On Thu, 2004-04-22 at 09:33, Dow Hurst wrote:
> Someone added that having enough room in the server room to have a moveable 
> cart on big rubber wheels is very convenient.  You can wheel to the rack your 
> working on and use as a bench as well as a cart.  I like the cover over the 
> main kill switch.
> Dow
> 
> 
> Jim Popovitch wrote:
> > Excellent write-up Dow.  I only have one point to add.... ALWAYS put a
> > plastic cover over the big red manual power kill switch, and for
> > sanity's sake: locate the switch at maximum arm-length away from exit
> > doors so as to make it highly inconvenient for contractors to hang their
> > jacket on. :)
> > 
> > -Jim P.
> > 
> > On Thu, 2004-04-22 at 02:37, Dow Hurst wrote:
> > 
> >>Here is a not so condensed listing of some advice from the list and others. 

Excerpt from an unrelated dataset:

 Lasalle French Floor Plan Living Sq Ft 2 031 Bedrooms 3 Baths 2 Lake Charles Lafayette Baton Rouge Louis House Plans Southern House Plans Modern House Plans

> >>Read this as a rundown of a particular installation with some thoughts 
> >>injected.  I'd appreciate comments or advice if you want to add anything. 

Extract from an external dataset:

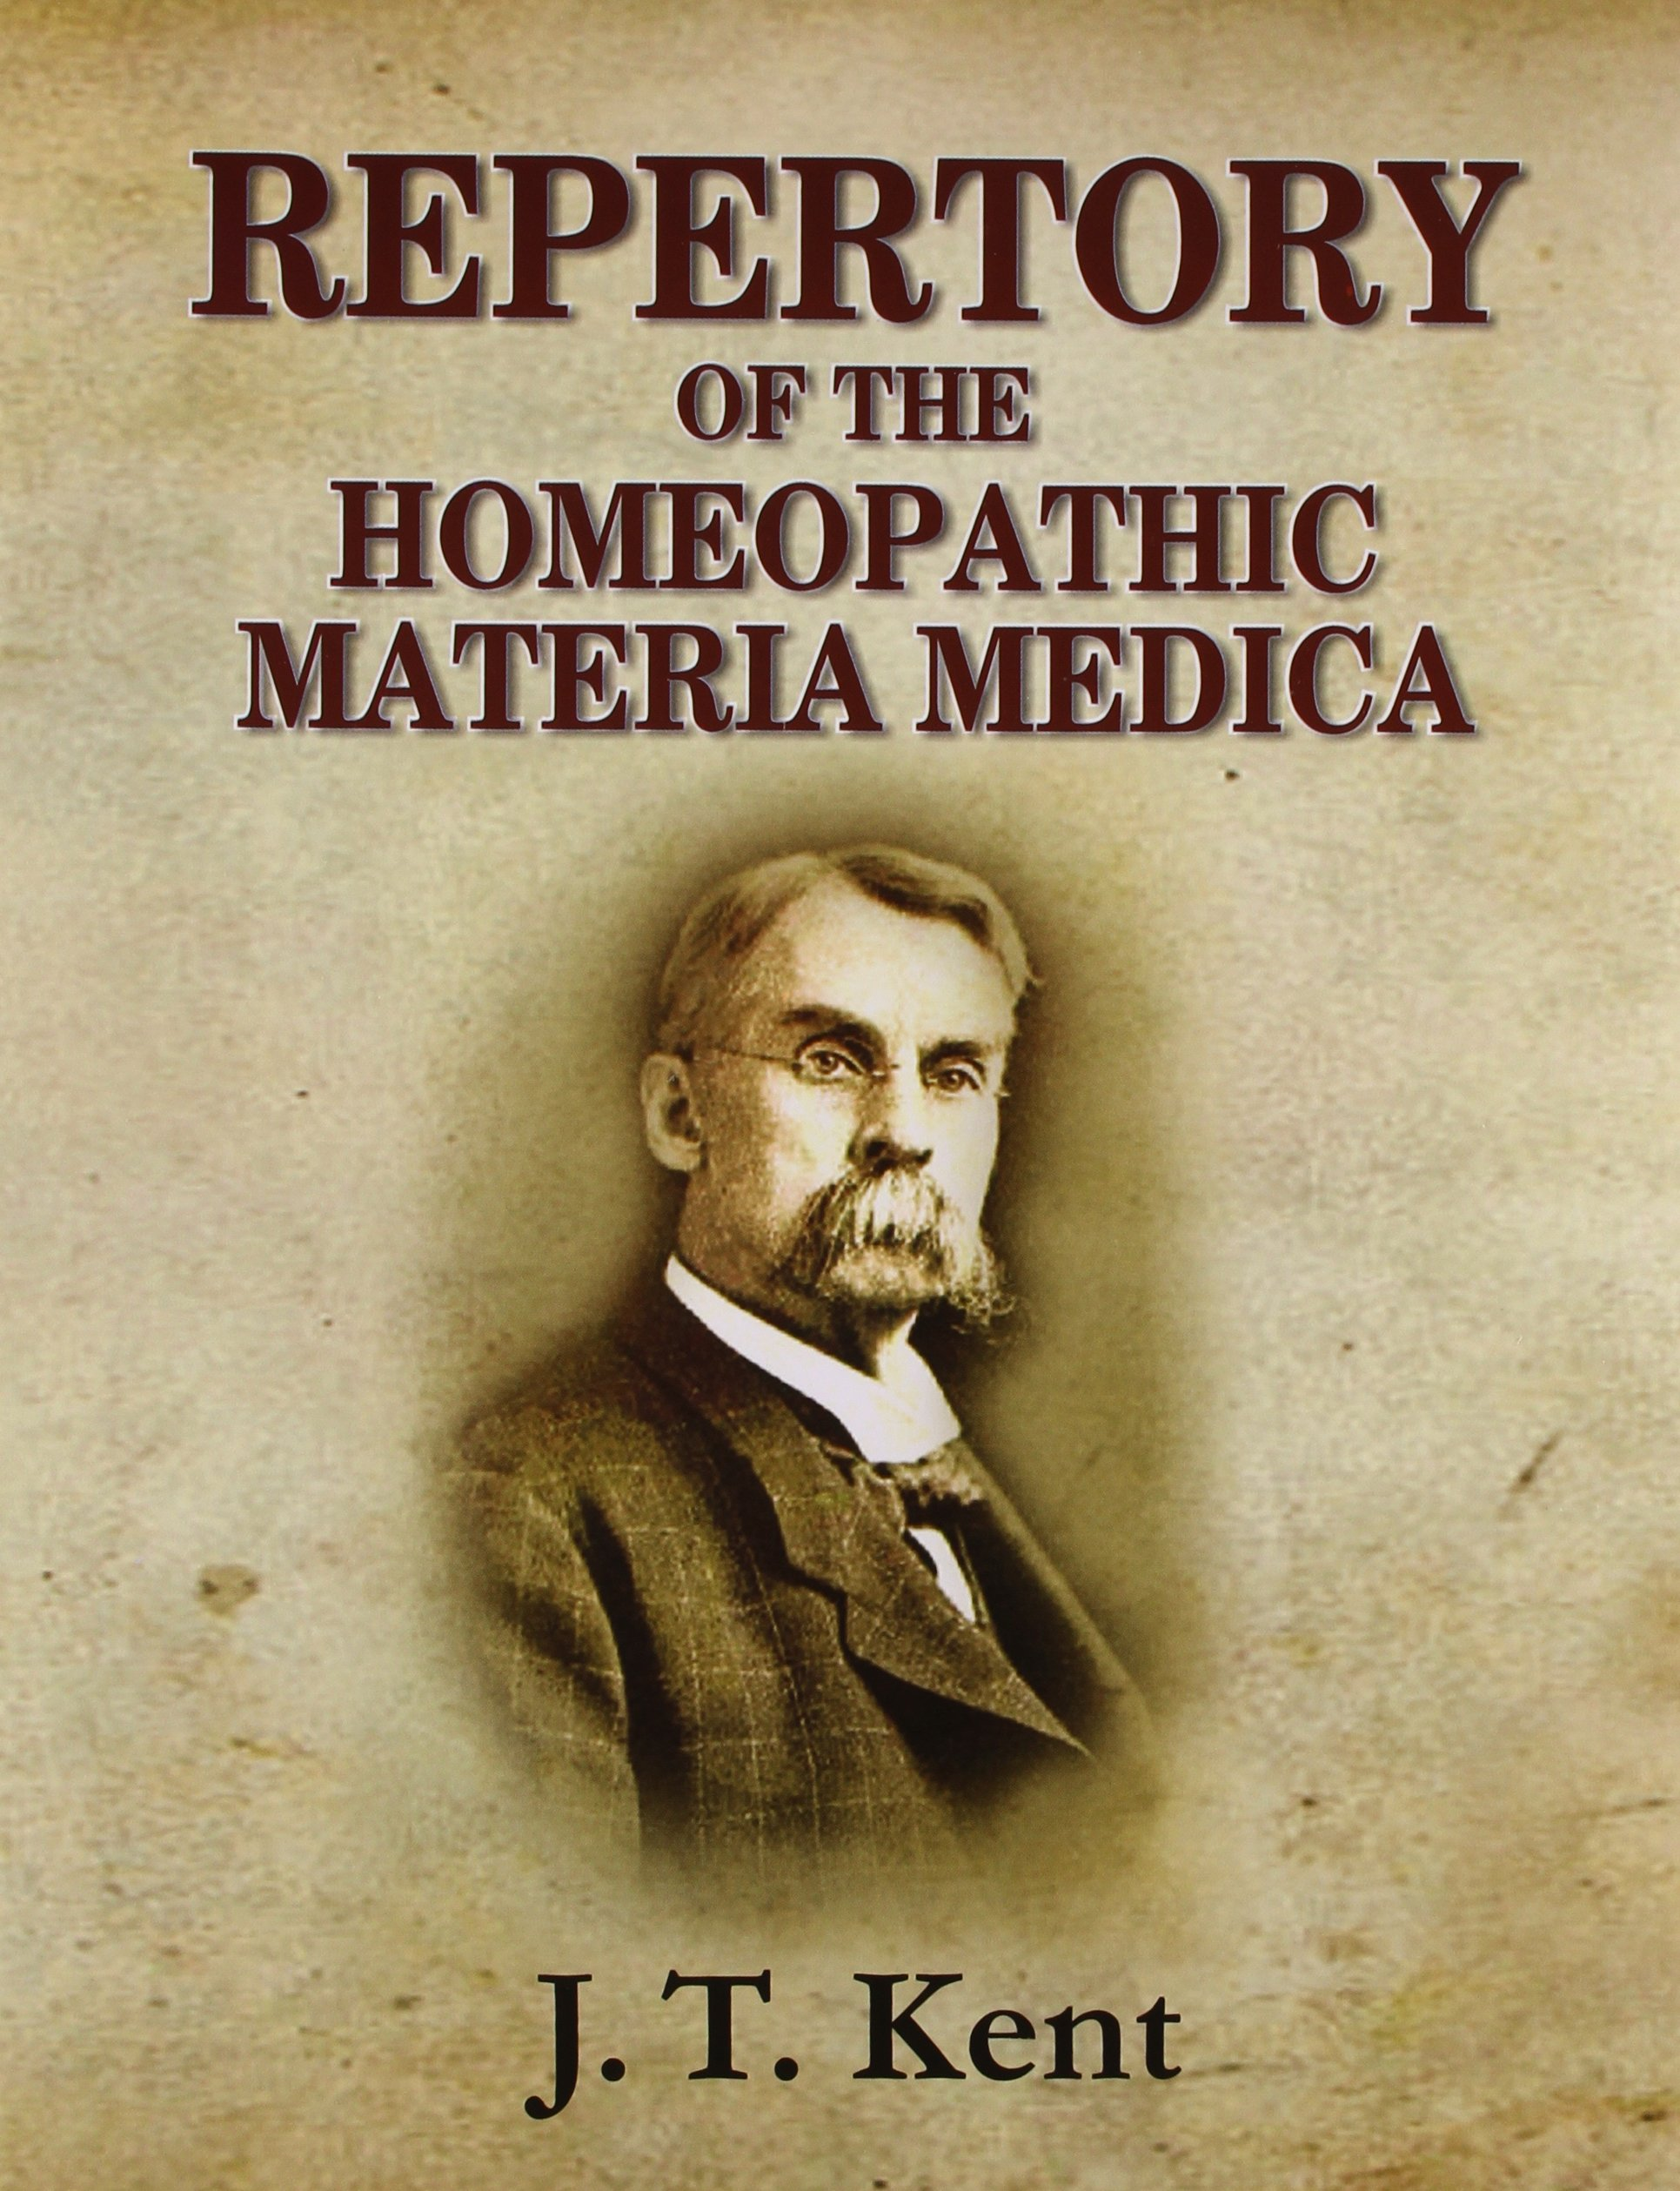 kent homeopathic repertory

> >>Names were blacked out to protect someone:
> >>
> >>Starting Philosphy: servers should never shutdown, run 24/7; jobs should be
> >>checkpointable for restart in case of failure; people more important than 
> >>servers; we are not a 99.99999 facility
> >>
> >>1.  A/C issues
> >>
> >>   3 separate systems, each with 0.5 needed capacity to cool server room, so 1
> >>can fail and be repaired w/out downtime on servers.  No redundant piping of
> >>coolant so that is a point of failure.  Two window units (if windows
> >>available) are installed as extra cooling capacity to handle either extra heat
> >>load or main unit failure for only a short time.  The window units make use of
> >>the window space which would have been a leak point for the A/C anyway.
> >>
> >>Think of A/C and Power supply as a fixed capacity that is set when the room is
> >>built.  No more A/C or Power will be added due to the expense.  So, plan for
> >>future heat load and power load for the next 5-10 years.
> >>
> >>Put in a raised floor for A/C plenum to deliver air to the underside of
> >>servers.  Extremely valuable and in XXXXX's opinion the most important server
> >>room feature.  Perforated tiles allow control and tuning of the cool air flow
> >>in the room.  This is important since the airflow is never correct after the
> >>room is filled with equipment.  It always needs redirection after the servers
> >>are installed.  The floor needs to be of high quality design with steel
> >>capable of supporting a 2000lb rack of equipment with ease.  XXXXX indicated
> >>that the floor should not deflect more than 1/32" for 4000lb/square inch
> >>applied force.  A steel loading dock ramp should be put in, not wood since
> >>heavy equipment will move in up to the raised floor level.
> >>
> >>
> >>An ale.org member, Jonathon Glass, said this:
> >>"You should really look at the IBM e325 series (Opterons) for cooling.  I have
> >>4 of them (demo units) in a cluster.  I felt the cases while running a demo,
> >>and they were cool, if not cold, to the touch.  IBM has spent a lot of money
> >>on making these machines rack-ready, and cool running, and it has paid off."
> >>
> >>Also he said:
> >>"How big are the Opteron nodes?  Are they 1,2,4U?  How big are the power
> >>supplies?  What is the maximum draw you expect?  Convert that number to figure
> >>out how much heat dissipation you'll need to handle.
> >>
> >>I have a 3-ton A/C unit in my 14|15 x 14|15 server room, and the 24-33 node
> >>cluster I just spec'd out from IBM (1U, Dual Opterons) was rated at a max heat
> >>dissipation (is this the right word?) of 18,000 BTU.  According to my A/C guy,
> >>the 3-ton unit can handle a max of 36,000 BTU, so I'm well inside my limits.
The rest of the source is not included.